--- Raw data ---
★ ★ ★ ★ ★

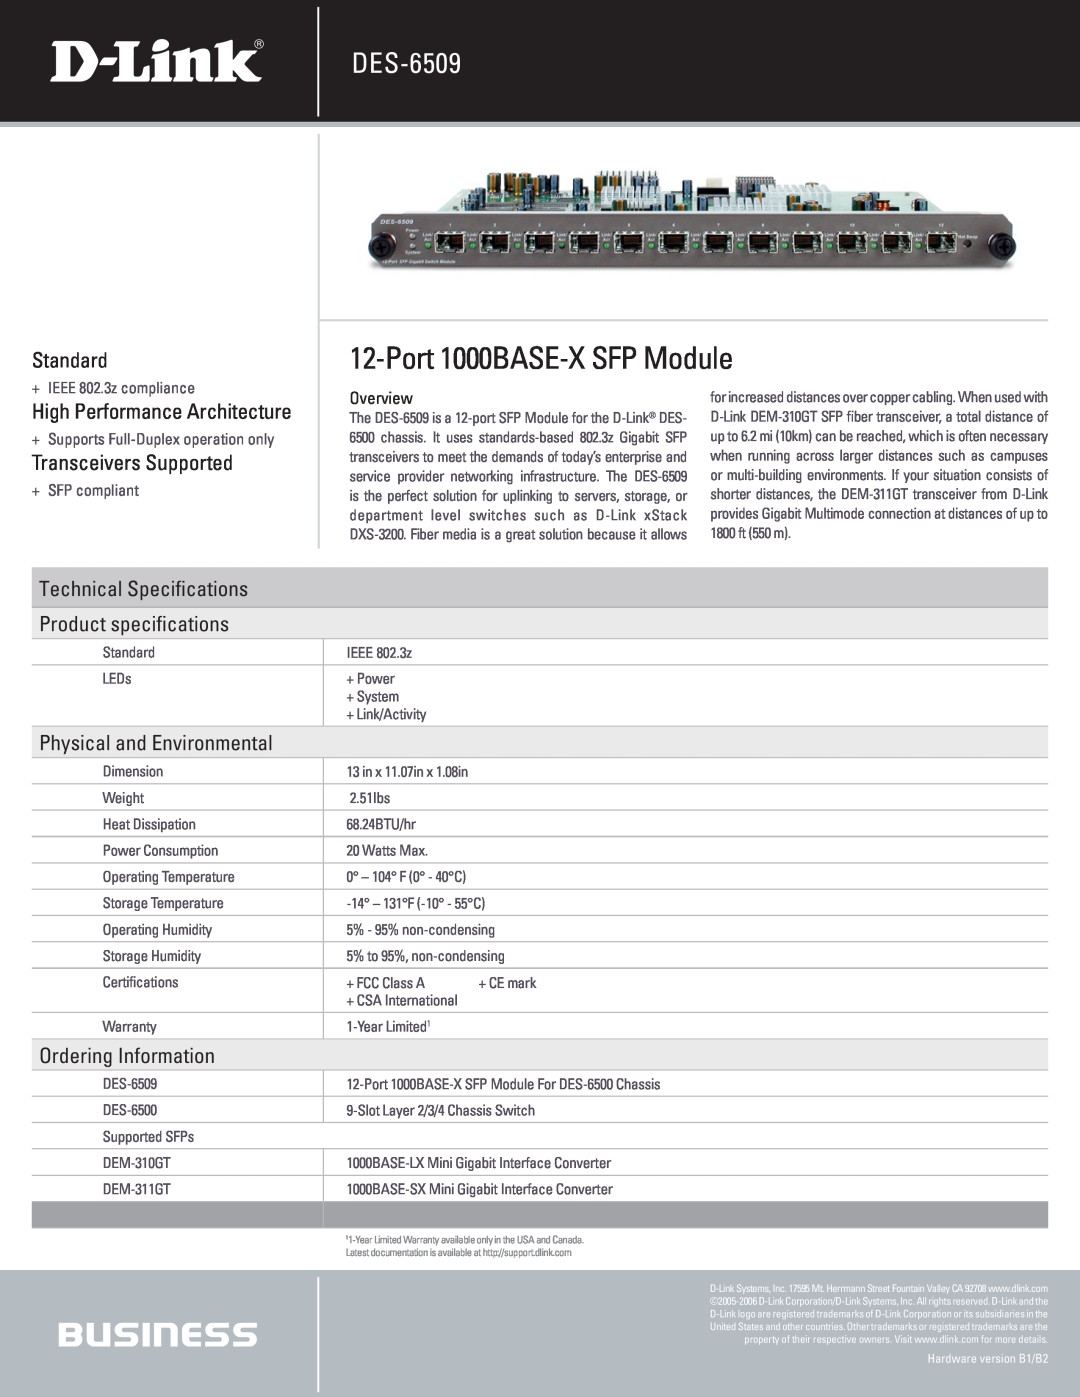 D-Link DES-6509 warranty Port 1000BASE-X SFP Module, Standard, High Performance Architecture, Transceivers Supported 
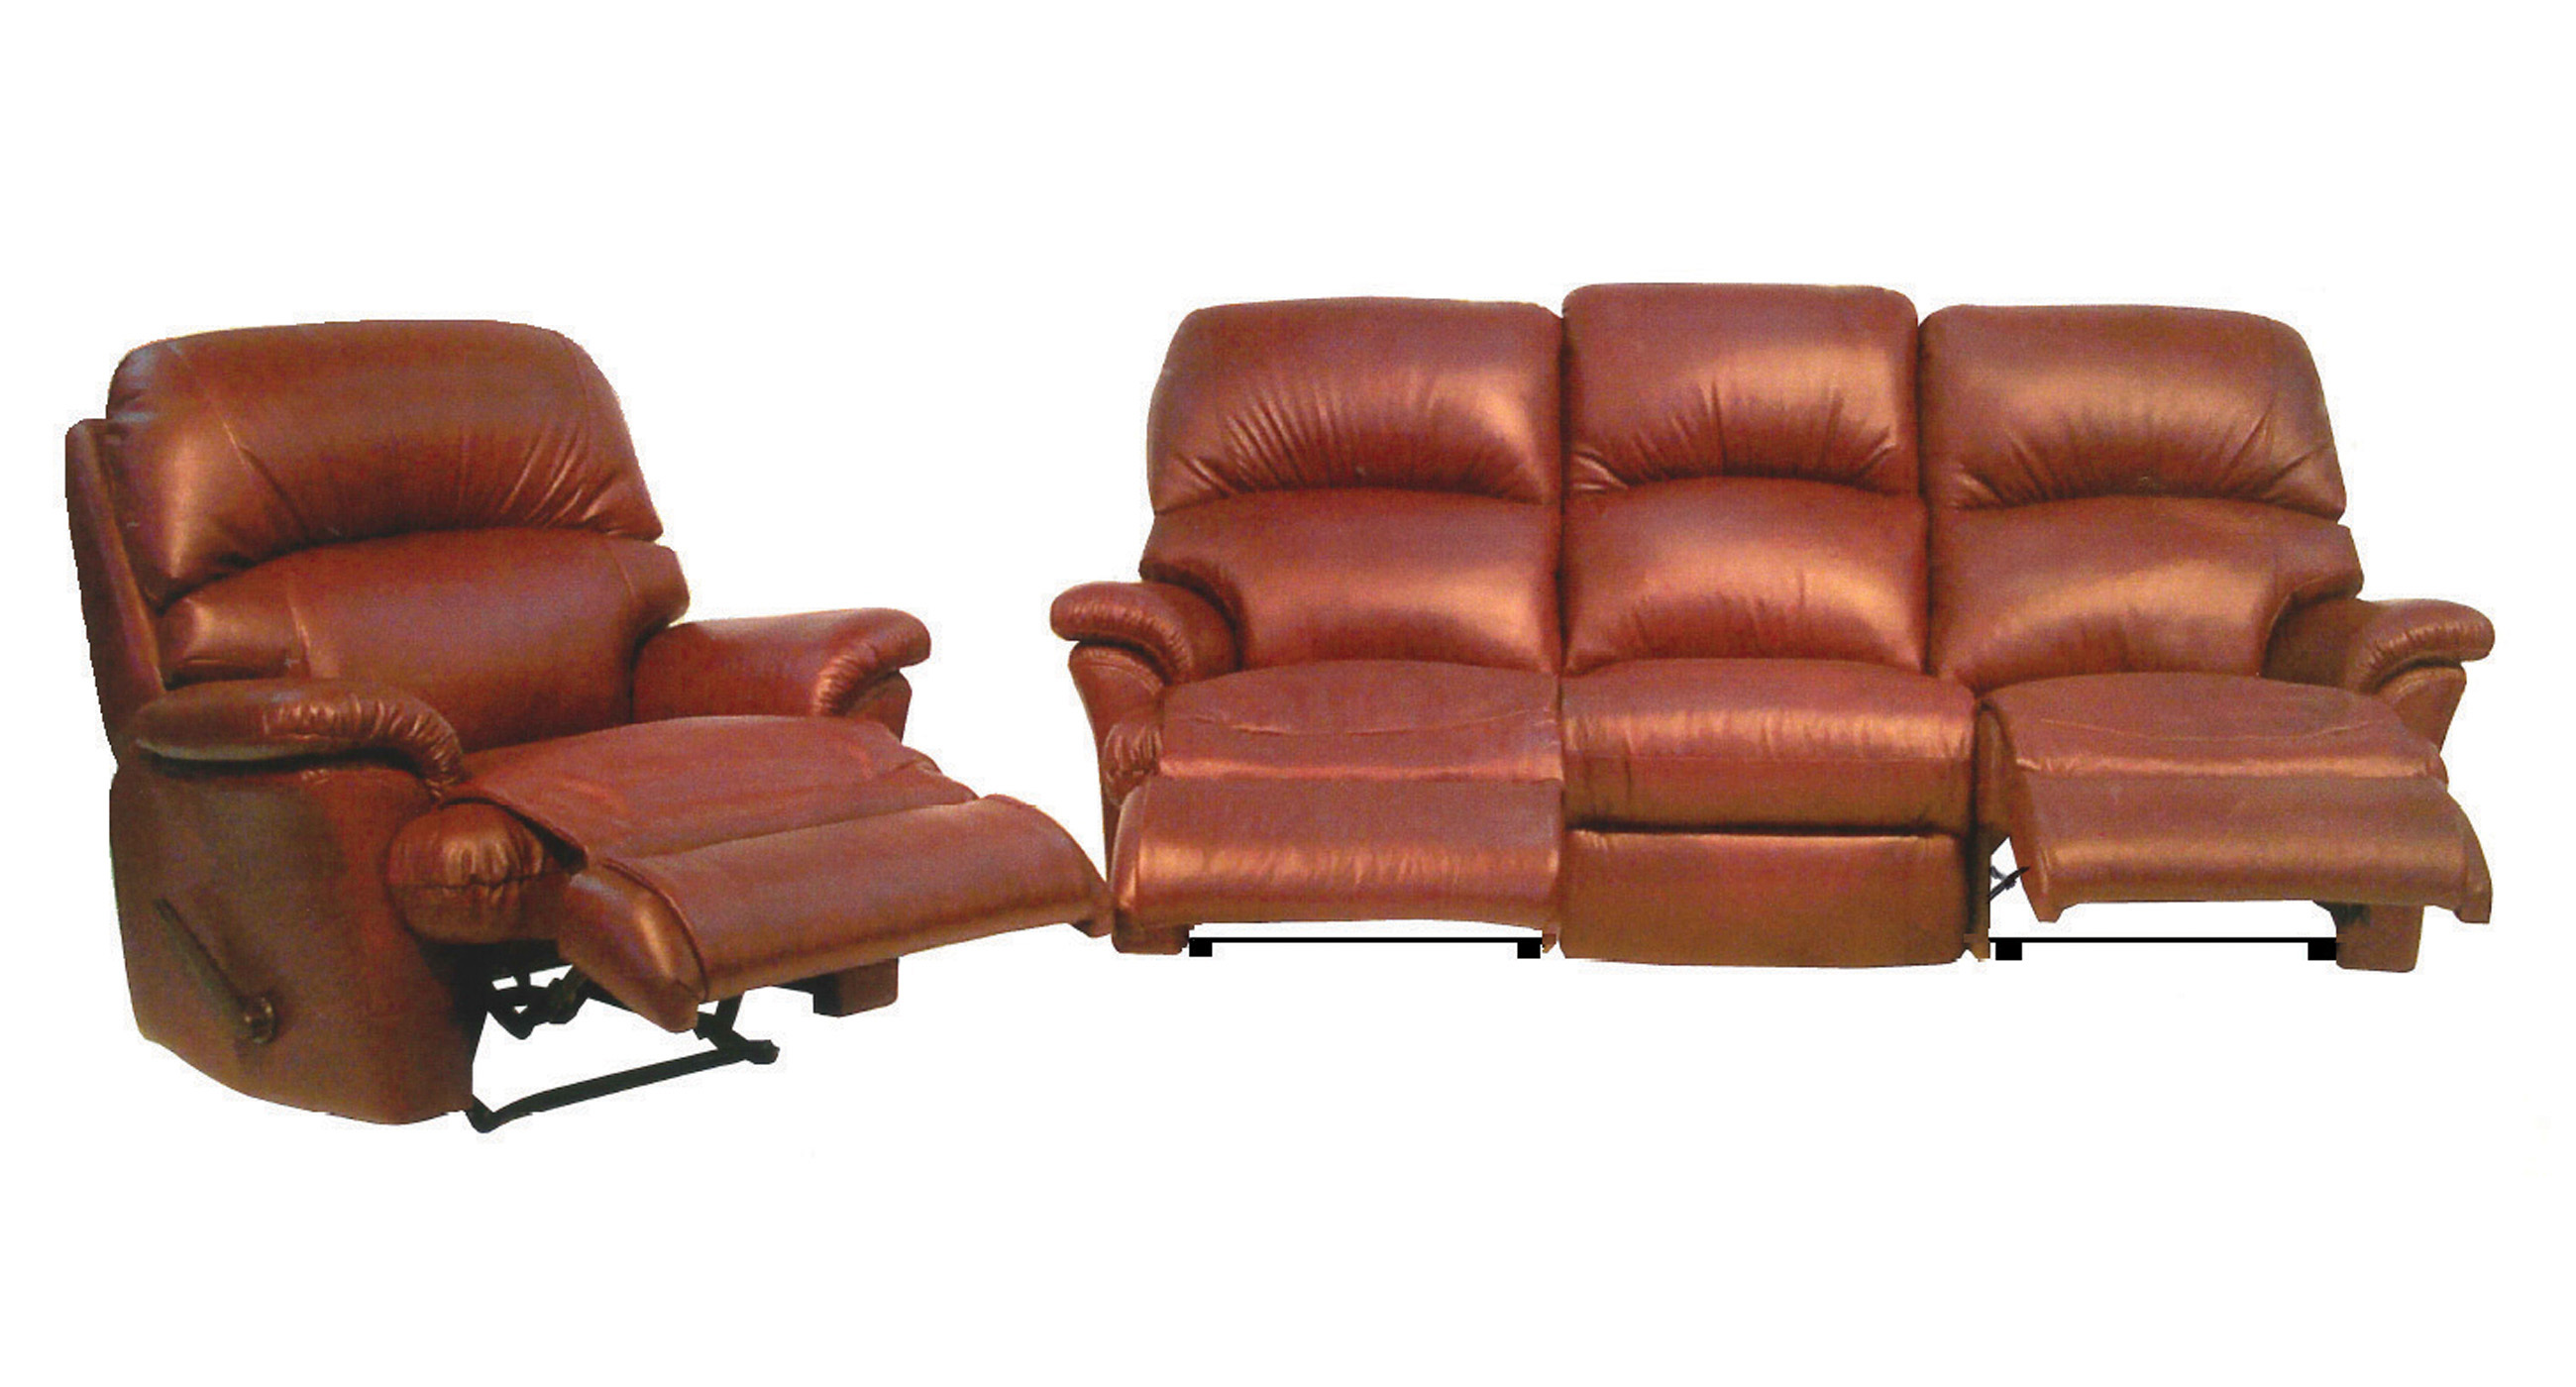 Latrobe Reclining Sofa and Chairs
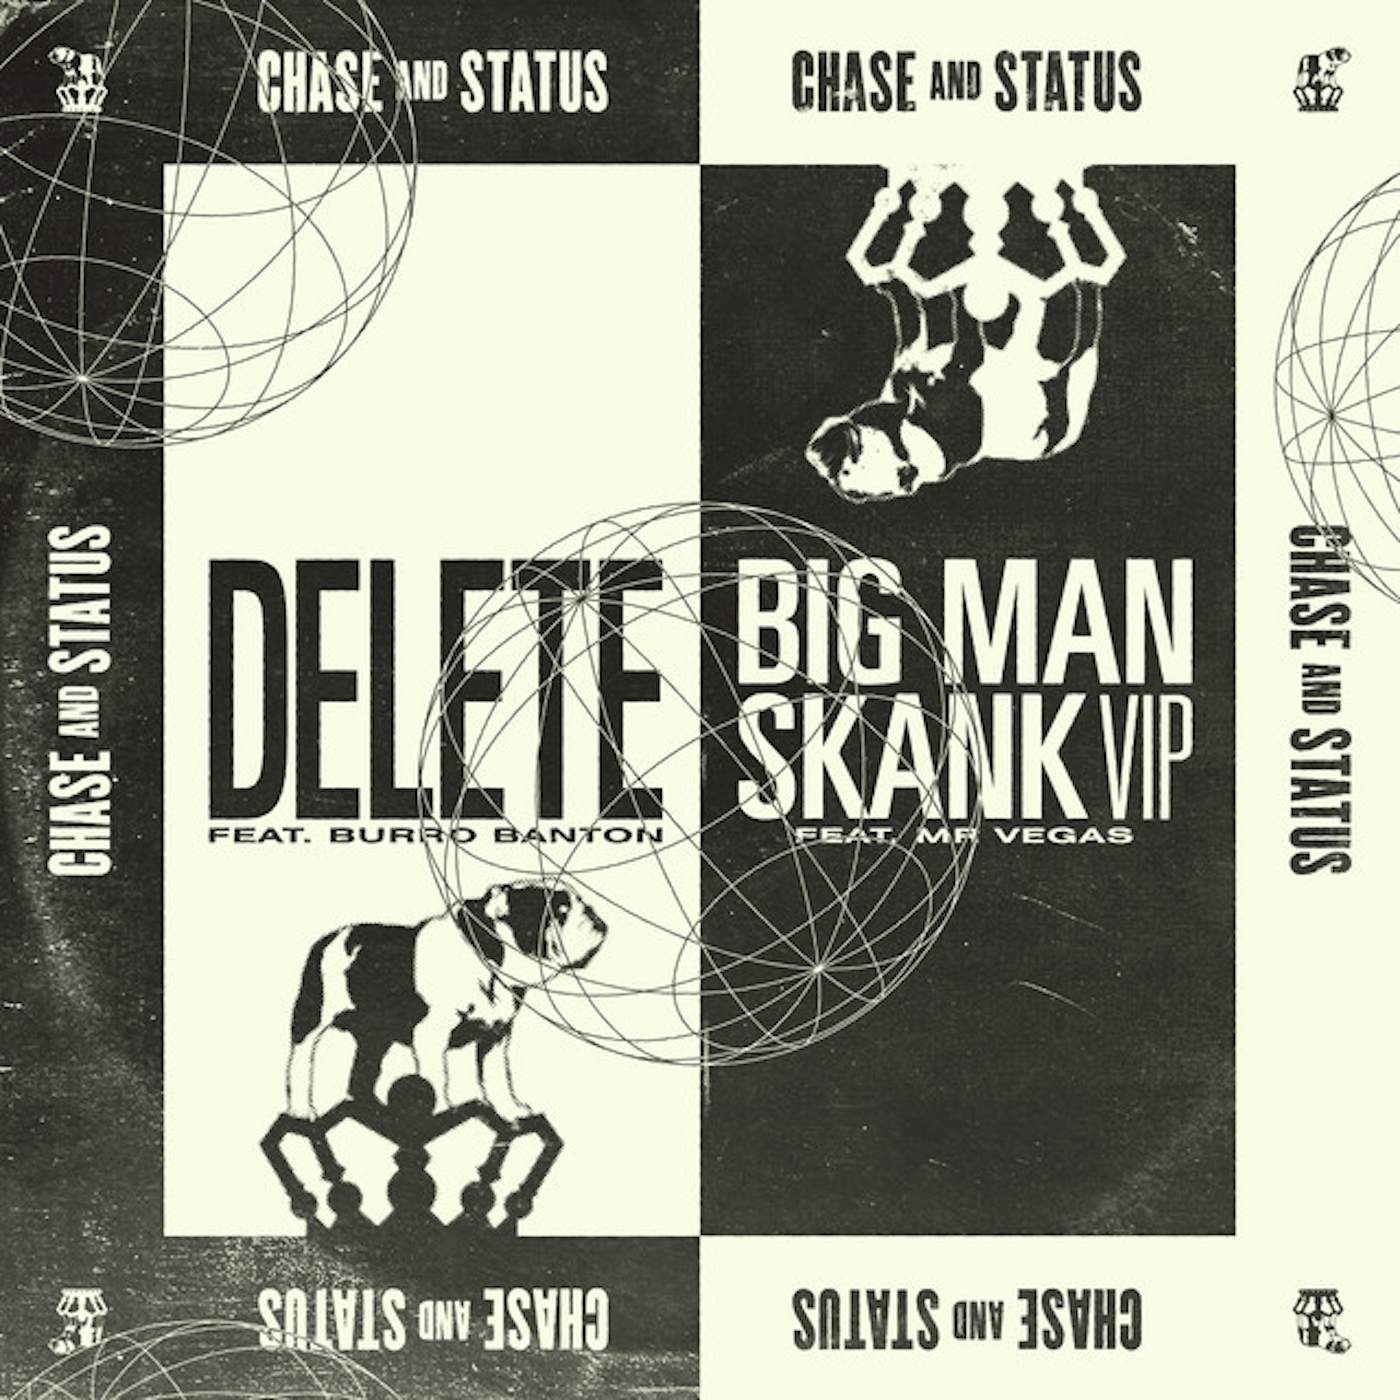 Chase & Status Delete / Big Man Skank (VIP) Vinyl Record

★ ★ ★ ★ ★

Exact copy required, pictures excluded: the lines from the one holding "Latrobe Reclining Sofa and Chairs" through the last line of the data, both ends included.

--- Exercise answer ---
 Latrobe Reclining Sofa and Chairs
 Chase & Status Delete / Big Man Skank (VIP) Vinyl Record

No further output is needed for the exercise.